> _Information shown_:
::::
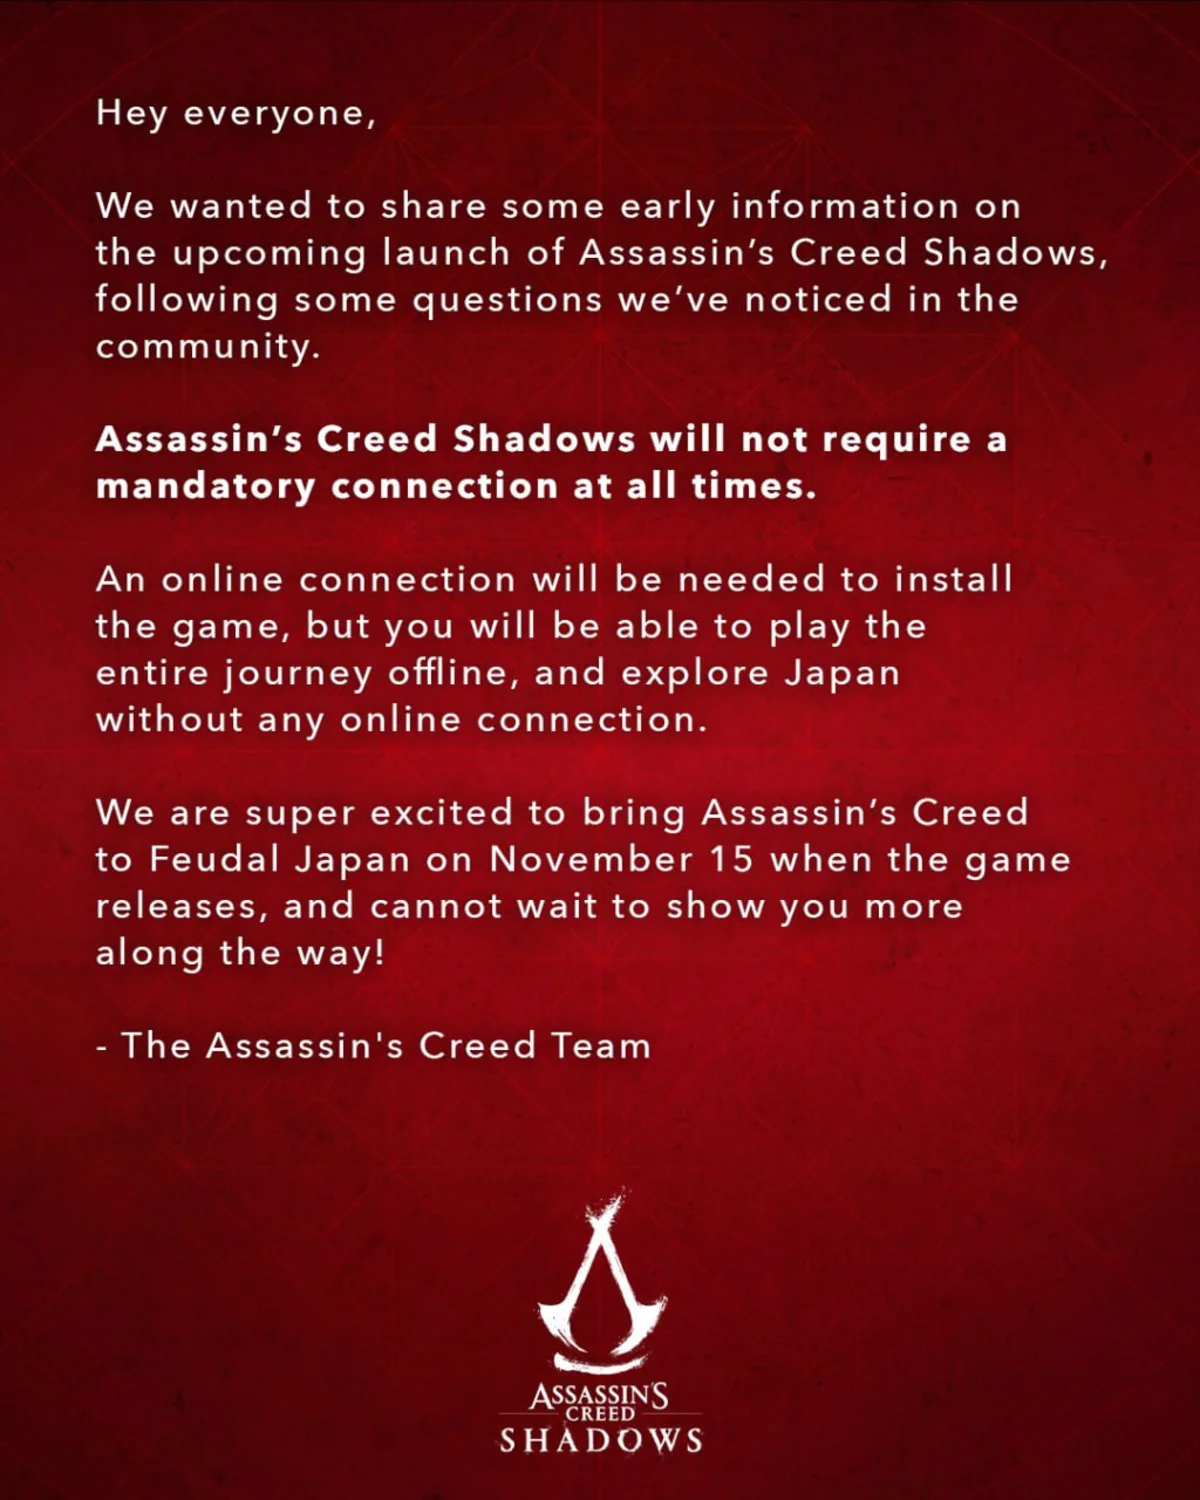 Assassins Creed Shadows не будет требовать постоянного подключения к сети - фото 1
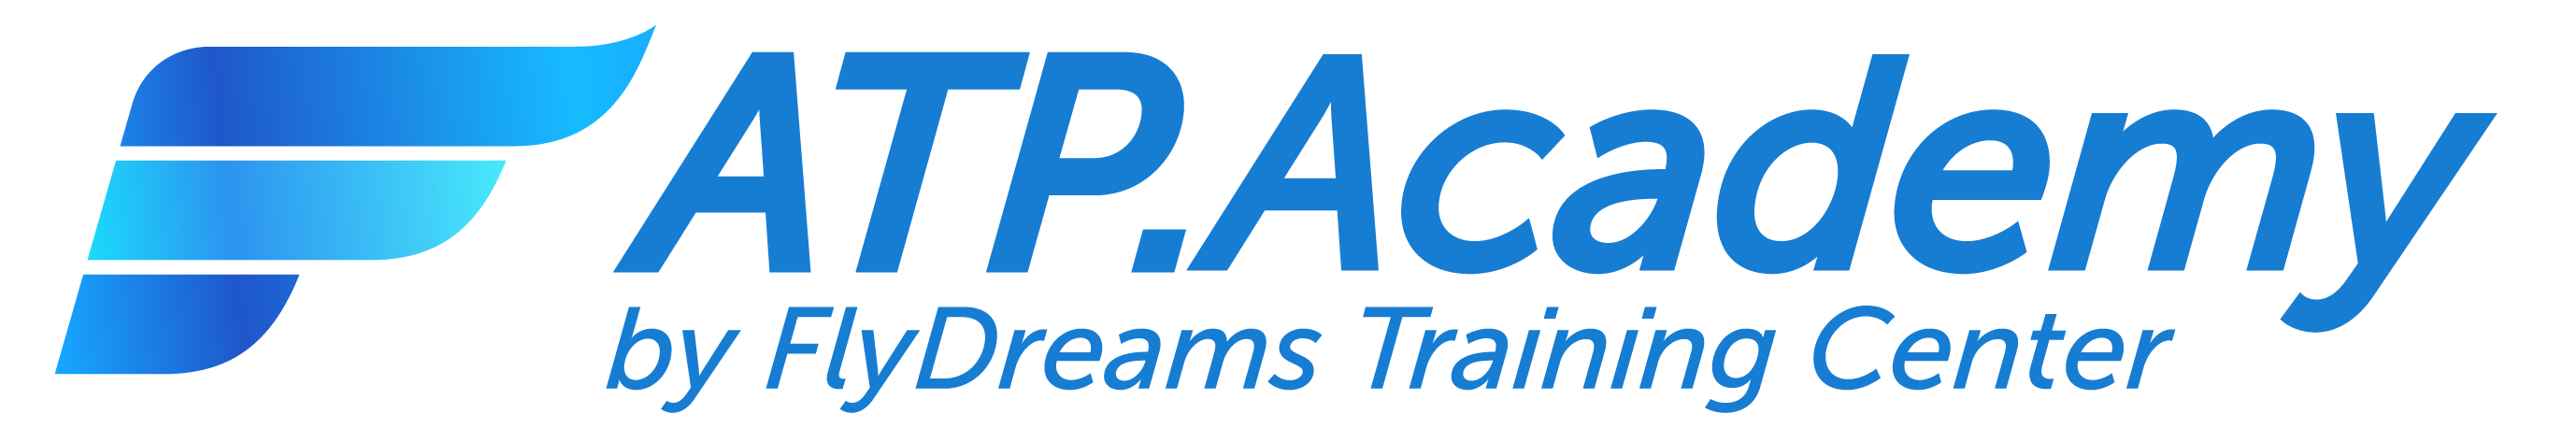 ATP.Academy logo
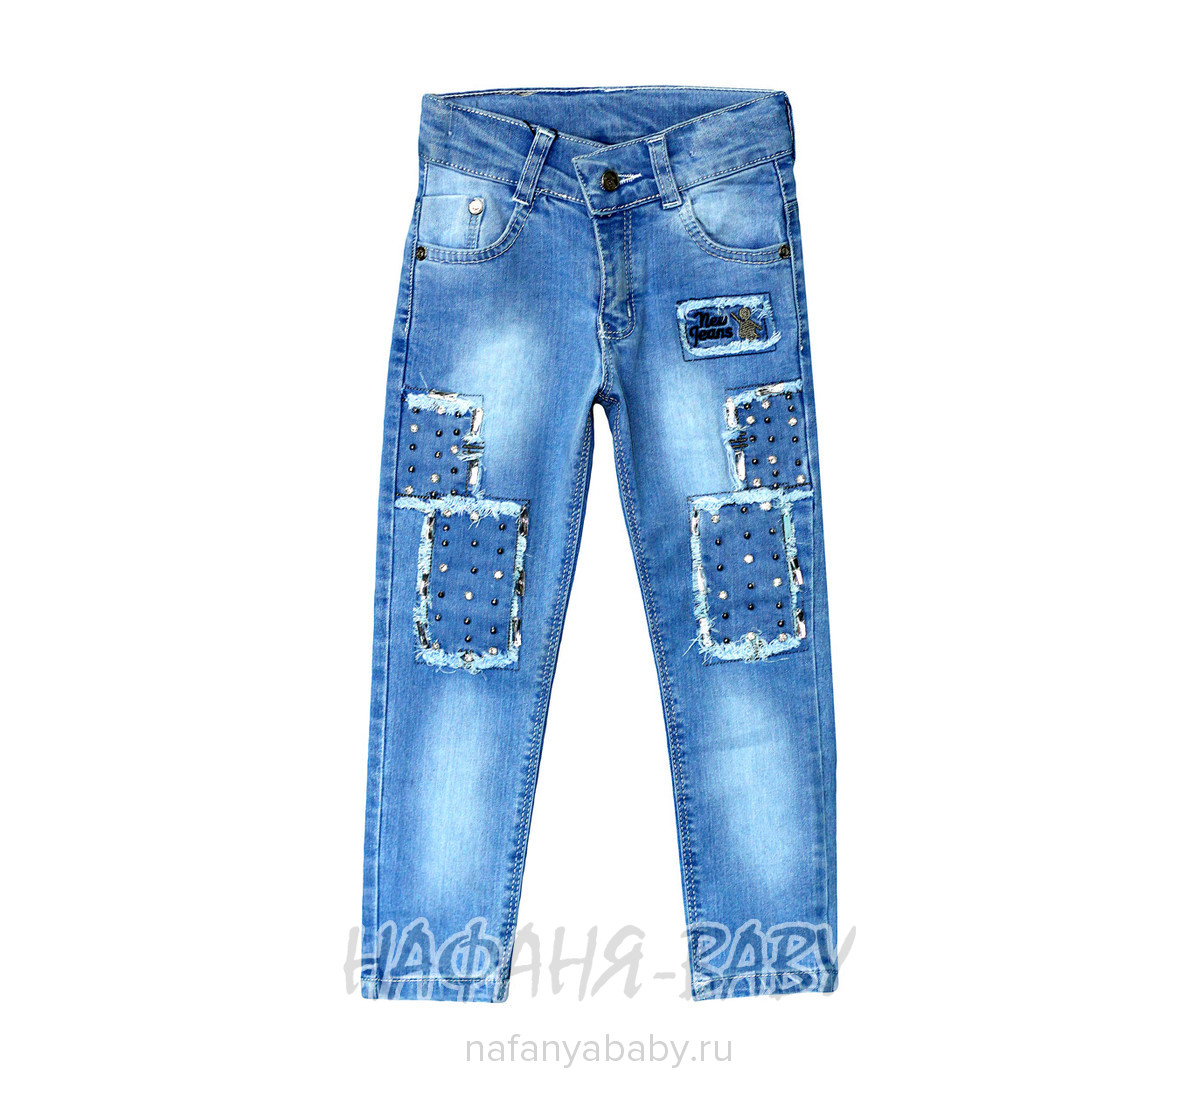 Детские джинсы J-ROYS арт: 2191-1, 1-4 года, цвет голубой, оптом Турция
::::
> _About this task_: An exact reproduction of the lines from the line containing "ATP.Academy logo" through the end of the listing above is needed; pictures stay out.

> _Reply to the task_:
 ATP.Academy logo
 Детские джинсы J-ROYS арт: 2191-1, 1-4 года, цвет голубой, оптом Турция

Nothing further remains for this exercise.